Pour le moins déstabilisante l'expérience d'être immergé - sans possibilités de fuite, si ce n'est une sortie improbable de la salle - dans la scène d'un crime odieux et d'assister avec lui aux tout autant odieuses dernières heures du condamné à mort. Sur un plateau où caméras et micros omniprésents filment et projettent en direct l'affrontement de deux hommes - le criminel et l'inspecteur de police ayant instruit son dossier -, nous oscillons entre deux versions d'une même monstruosité. L'un et l'autre incarnant, n'en déplaise aux bonnes âmes, les zones sombres et/ou lumineuses tapies dans les replis de ce qui fait de nous… des humains.



© Christophe Raynaud de Lage/Festival d'Avignon.
© Christophe Raynaud de Lage/Festival d'Avignon.
Tout distingue a priori le terroriste, ayant exécuté sans frémir quarante-neuf enfants en visite dans le Musée avec leur professeur, de l'inspecteur de police ayant la charge de l'interroger.

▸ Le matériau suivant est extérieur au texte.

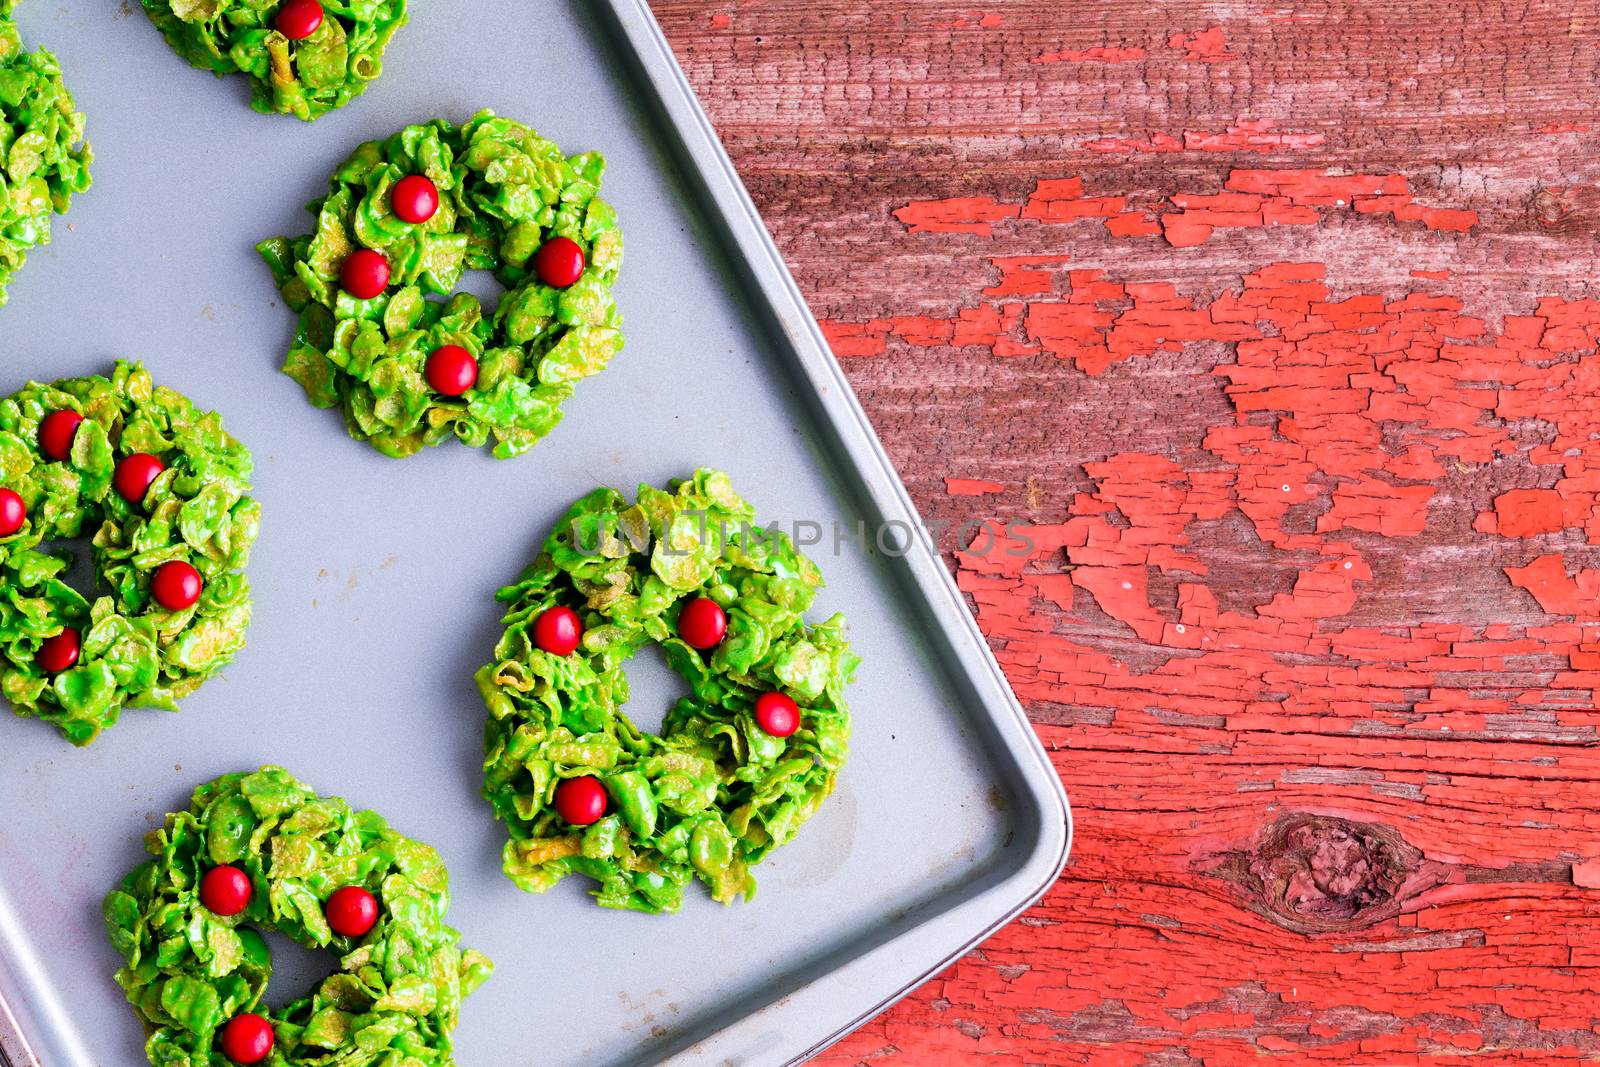 Creative colorful Xmas wreath cookies made with green cornflakes and candy pearls cooling on an oven tray on a rustic red table to celebrate the Christmas season, overhead view and copy space

Et pourtant… Si, au départ, seul le premier apparaît dans le halo de lumière alors que l'autre, le représentant de la loi, est invisible derrière la caméra d'où il lui intime l'ordre de répéter l'itinéraire exact et les moindres gestes du jour du massacre, lorsque la lumière se fera au plateau, on s'apercevra que ces deux hommes ne diffèrent pas fondamentalement. Même âge, même allure, même détermination. Après cet interrogatoire éprouvant - inutile au demeurant, le jugement ayant déjà été rendu et l'exécution, programmée - une première question surgit…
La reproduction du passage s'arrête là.